Çevik ve "Rugged"
Savunma sanayiinde çalışanlar “rugged” terimini çok iyi bilir. Türkçemize, belki korumalı diye çevirmenin uygun olacağı bu ifade, daha çok savaş alanının zorlu koşullarına dayanabilmesi için elektronik cihazların, özellikle de bilgisayarların, fazladan sağlamlaştırma tedbirleri alınarak tasarlanması anlamına gelir. Bu haliyle, çarpma, düşme gibi durumlardaki darbelere ve yağmur, soğuk/sıcak gibi zorlu meteorolojik koşullara rağmen, bilgisayarlar her koşulda görevini yapabilirler. Bir anlamda kullananı yarı yolda bırakmazlar. Peki gerçekten böyle mi olur?
Aslında “rugged” olarak tasarlanan bilgisayarların her koşulda çalışmalarına rağmen genelde önemli bir handikapları olur: kullanılabilirlik. Çünkü ek koruma tedbirleri nedeniyle ya çok ağır olurlar, ya tuşları kolay yazmaya izin vermez ya da arayüzlerini kullanarak istediğiniz bir şeyi yapabilmek çok uzun sürer. Peki bu durumda her koşulda çalışsın isteği, asıl amaç olan kullanılabilsin ve işe yarasın ya da başka bir deyişle değer üretsin konusunun önüne geçmiyor mu?
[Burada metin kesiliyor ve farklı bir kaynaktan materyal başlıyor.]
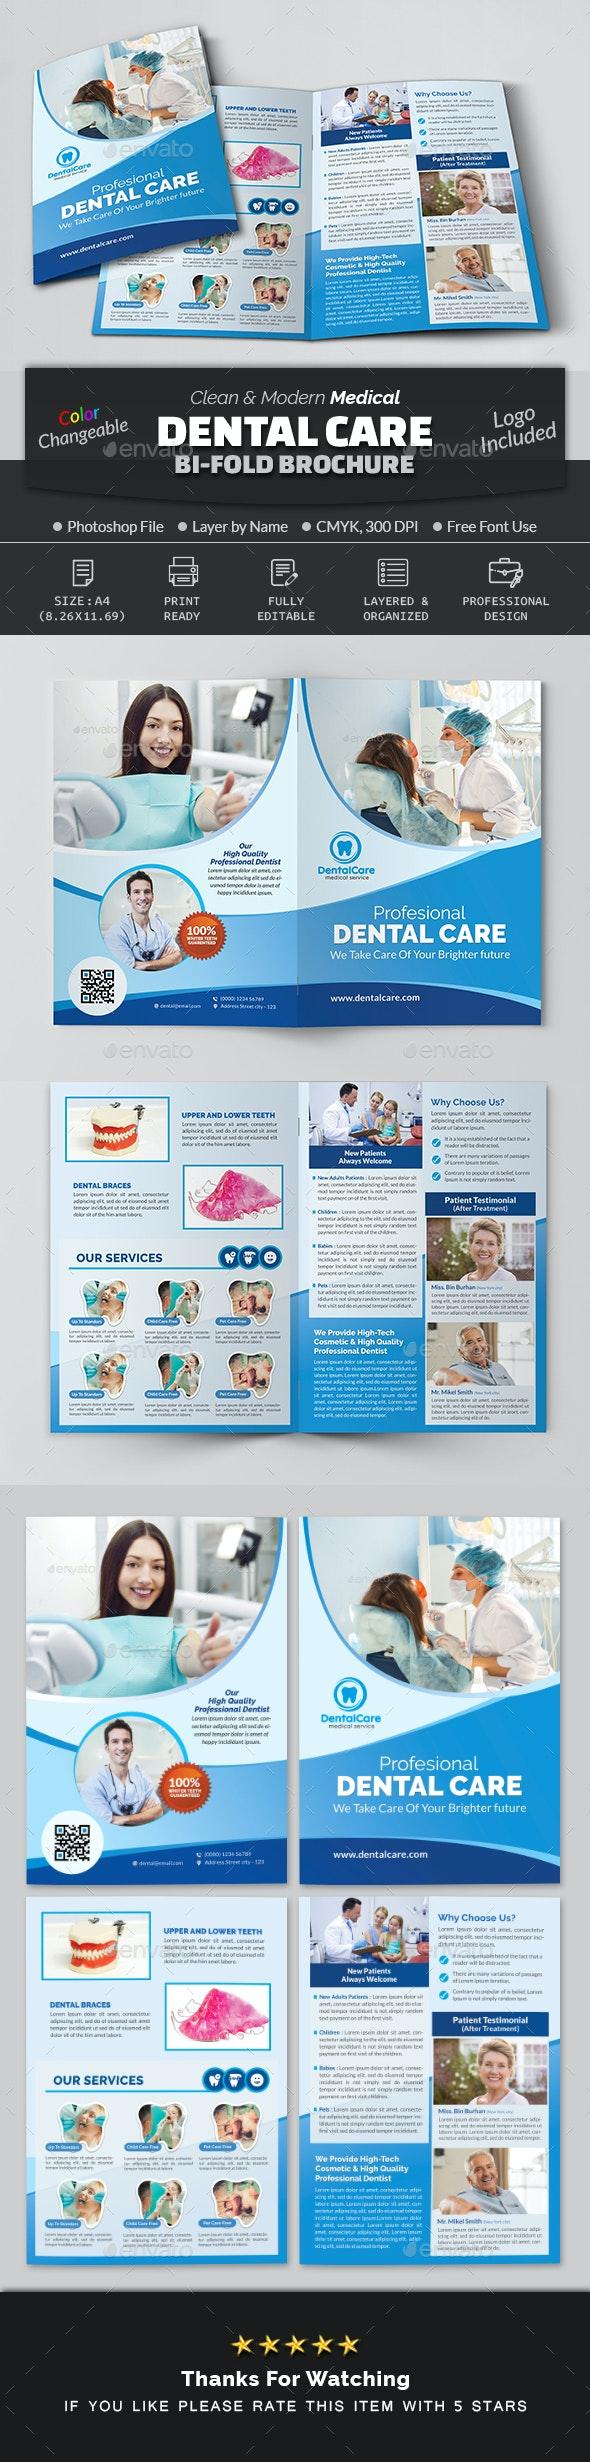 Dental Bi Fold Brochure - Corporate Brochures

Derdim tabii ki bilgisayar donanımlarını nasıl daha iyi “rugged” hale getiririz değil. Zaten, çok şükür ki, bu konudaki teknolojik ilerlemeler sayesinde çok daha hafif ve kullanılabilir donanımlar, dünyada da ülkemizde de uzmanları tarafından yapılabiliyor. Derdim daha çok, buradaki metaforu kullanarak savunma sanayiindeki ürün geliştirme süreçlerinin de daha değer odaklı olmasının önemine vurgu yapmak.
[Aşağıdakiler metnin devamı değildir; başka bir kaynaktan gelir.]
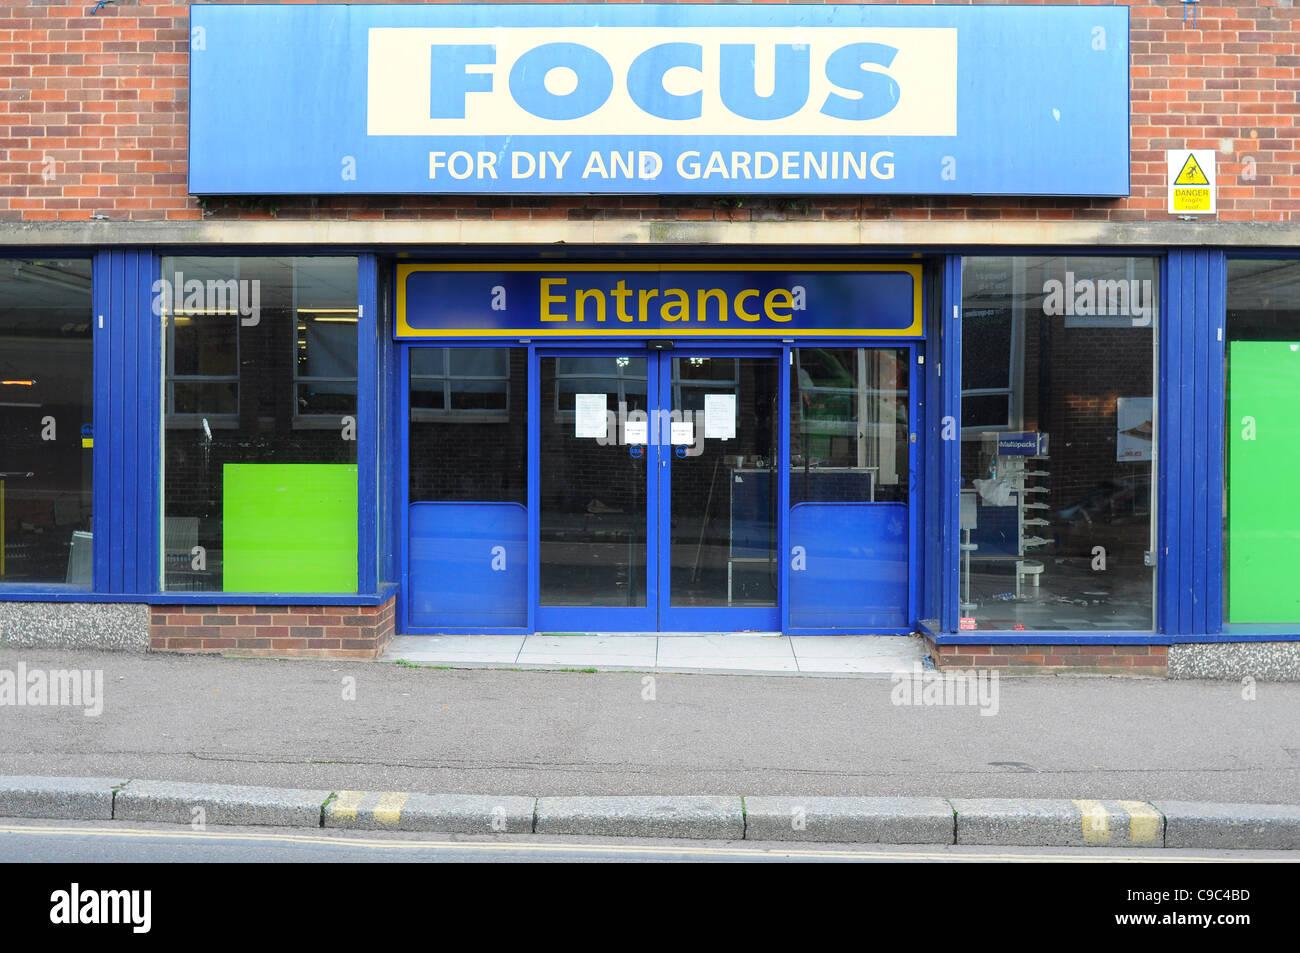 In bancarotta Focus DIY negozio chiuso. Immagini Stock

Tıpkı “rugged” örneğinde olduğu gibi, savunma sanayiindeki geliştirme süreçleri de her koşulda, yapılan kontratlara içerik ve takvim olarak uymayı en öncelikli konu olarak ele alırken, ortaya çıkan ürünün yarattığı değeri ve kullanıcının öncelikli taleplerini ikinci planda bırakıyor. Bu nedenle kontratta yazan tüm maddeler, sözleşmeden en alttaki birimin gereksinimlerine kadar izlenebilirlikle takip ediliyor ve her madde neredeyse eşit değerde kabul ediliyor. Bu nedenle sözleşmedeki takvimde belirlenen tarihlerde, ön tasarım gözden geçirmesi, son tasarım gözden geçirmesi ve kabul muayene faaliyetleri gerçekleştirilerek sözleşme tarihinin sonunda ürün teslim ediliyor. Tabii zamanında teslim edilebilirse.
Peki, ihtiyaç duyulan ürüne ve ana fonksiyonlara kontrat bitiminden çok daha önce kullanıcının ulaşabileceği ve kendisi için en öncelikli fonksiyonları alıp kullanmaya başlayabileceği Agile yöntemler savunma sanayiinde kullanılamaz mı? Yani, bilgisayarın darbelere ya da meteorolojik koşullara dayanıklı olmasından önce kullanılabilir olmasını önceleyemez miyiz?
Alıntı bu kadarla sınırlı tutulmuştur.